Сегодня я его не видела. Он в самом деле решил обрубить все концы: игнорирует мои сообщения, звонки, любой знак в соцсетях. Я сказалась больной, чтобы не ходить на вечеринку по случаю Дня благодарения в доме Хэмптонов, и это несмотря на то, что у моей пьяной мамаши чуть не случился приступ по этому случаю, ведь пришлось проводить обед дома. А вот Уилл сделал кучу селфи, пока ждал машину, чтобы поехать к Алеку.
Стараюсь вообще об этом не думать. Кладу ногу на подоконник, словно это станок, тянусь, прижимаю нос к коленке. Прохожие, в пальто и высоких сапогах, закутанные в шарфы, почти не обращают на меня внимания. Разве я могу соревноваться в магии первого снега, даже разодетая в костюм Снежной королевы?
Проверяю телефон в миллионный раз. Может, Алек напишет хоть что-нибудь? Например, «Удачи сегодня». Или «Я скучаю. Я совершил ошибку. Не стоило с тобой порывать».
Кидаю телефон в сумку – пофиг, даже если сломаю экран. Адель мне тоже не пишет. Она сейчас летит в Берлин на выставку, посвященную танцам. Мама даже не позвонила. На ужине по случаю Дня благодарения она сказала, что это все не стоит ее нервов. А потом попросила Адель передать ей сладкую картошку. Сестра постоянно извинялась за мать, и от этого становилось только хуже.

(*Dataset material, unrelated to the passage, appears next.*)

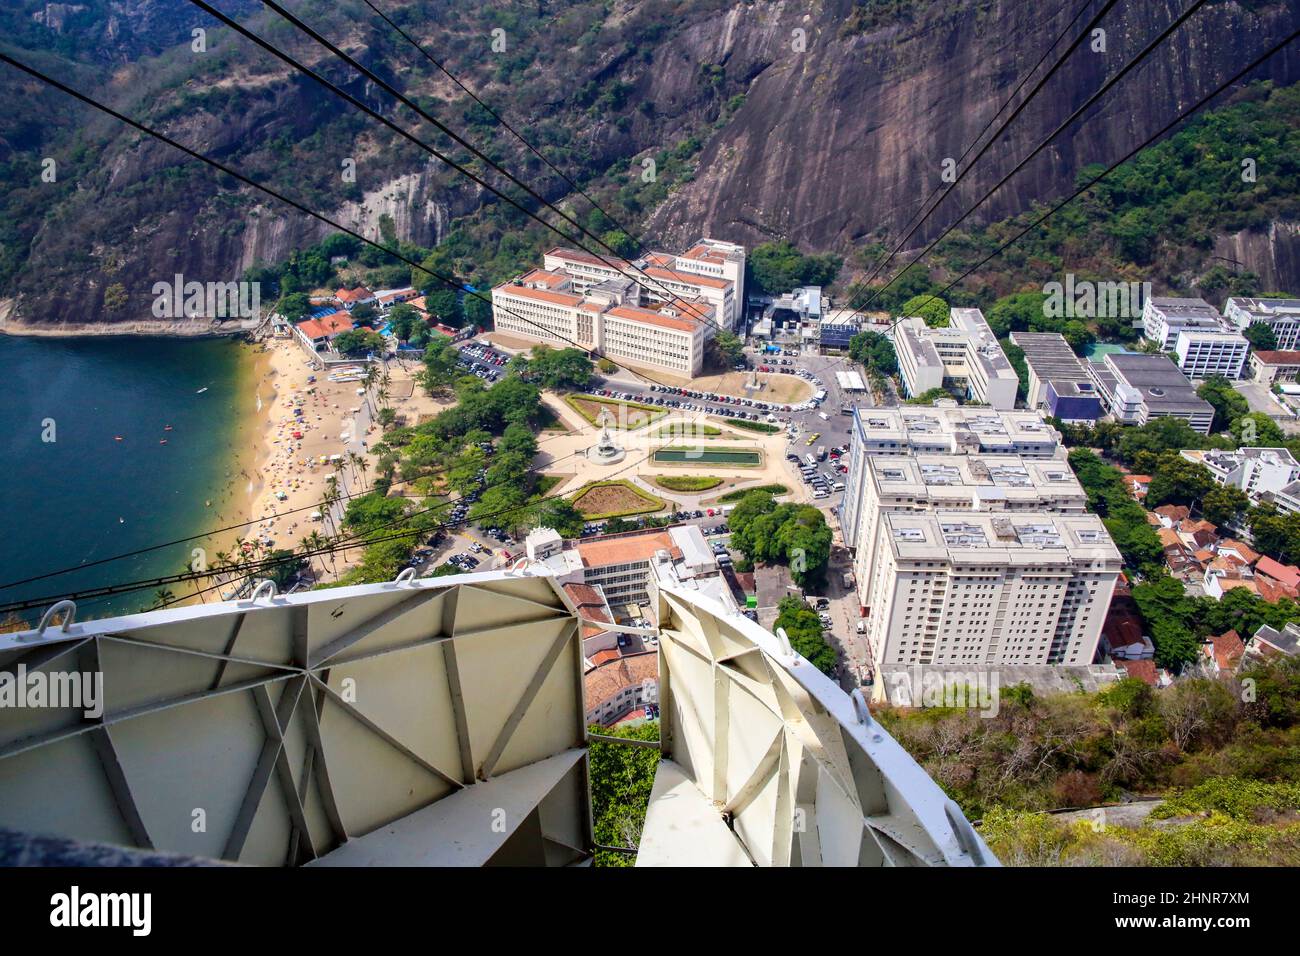 Overhead cable car over Sugarloaf Mountain, Rio De Janeiro, Brazil. Stock Photo

К тому же картофель этот осел на моих ляжках. Я каждый год прошу мать не готовить его, но она меня не слушает, потому что Софи, младшая сестра Алека, обожает картошку, а я не могу устоять перед кленовым сиропом и зефиром, которые перебивают вкус овощей. Так-то я сахара почти не ем. Запеканка притягивает меня: ее осенние цвета, сладкие завитки расплавленного зефира. Дрожу, представляя, как сахар оседает на бедрах от одной только мысли об этом блаженстве. Нужно бы закинуться еще одной таблеточкой. Но я вспоминаю, что они как раз закончились.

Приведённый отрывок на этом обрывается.